721 Maria, a Mãe de Deus toda santa, sempre Virgem, é a obra prima da missão do Filho e do Espírito na plenitude do tempo pela primeira vez no plano da salvação e porque o seu Espírito a preparou, o Pai encontra a Morada em, que seu Filho e seu Espírito podem habitar entre os homens. E neste sentido que a Tradição da Igreja muitas vezes leu, com relação a Maria, os mais belos textos sobre a Sabedoria: Maria é decantada e representada na Liturgia como o “trono da Sabedoria”. Nela começam a manifestar-se as
“maravilhas de Deus” que o Espírito vai realizar em Cristo e na Igreja. (Parágrafo relacionado 484)

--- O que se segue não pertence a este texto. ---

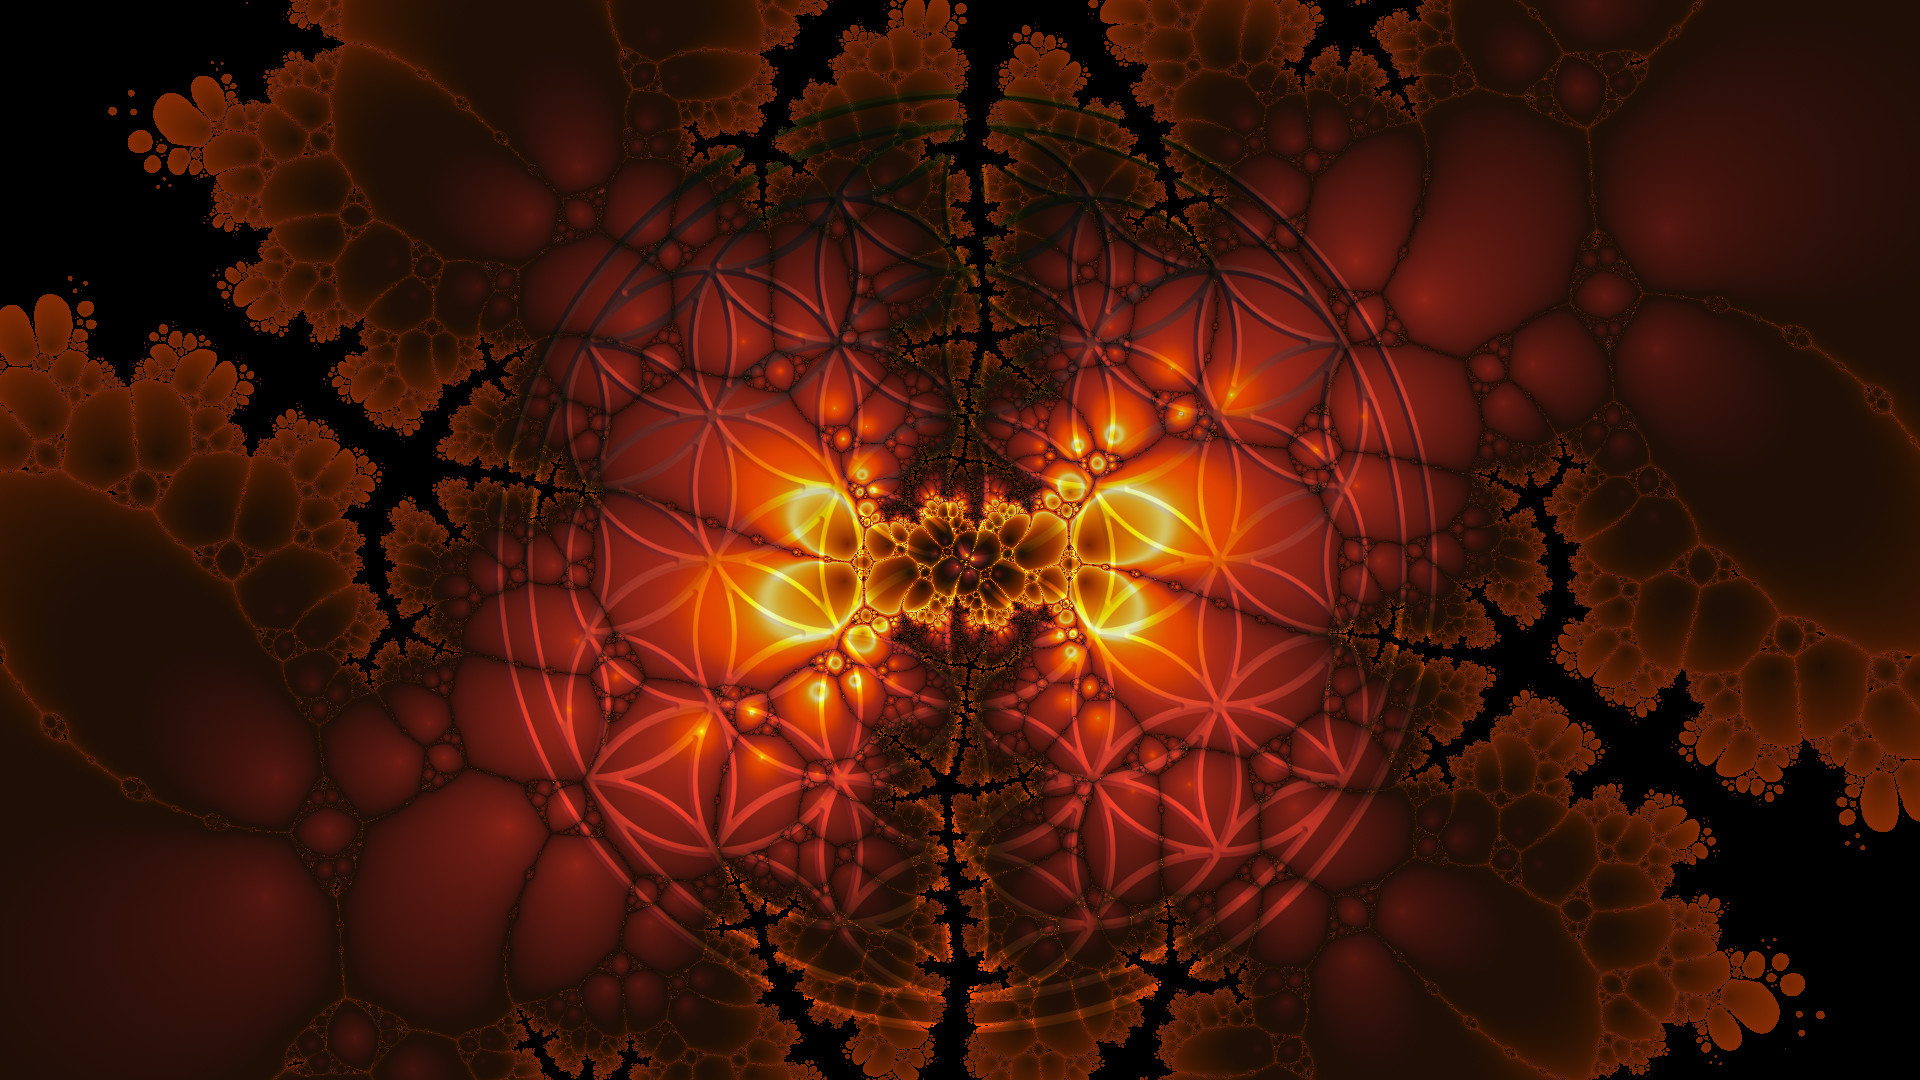 … flower of life screen saver hd 1080 x 1920 by zeneteru

722 O Espírito Santo preparou Maria com sua graça. Convinha que fosse “cheia de graça” a mãe daquele em quem “habita corporalmente a Plenitude da Divindade” (Cl 2,9). Por pura graça, ela foi concebida sem pecado como a mais humilde das criaturas; a mais capaz de acolher o Dom inefável do Todo-Poderoso. É com razão que o anjo Gabriel a saúda como a “filha de Sião”: “Alegra-te”. É a ação de graças de todo o Povo de Deus, e portanto da Igreja, que ela faz subir ao Pai no Espírito Santo em seu cântico, enquanto traz em si o Filho Eterno. (Parágrafos relacionados 489,2676)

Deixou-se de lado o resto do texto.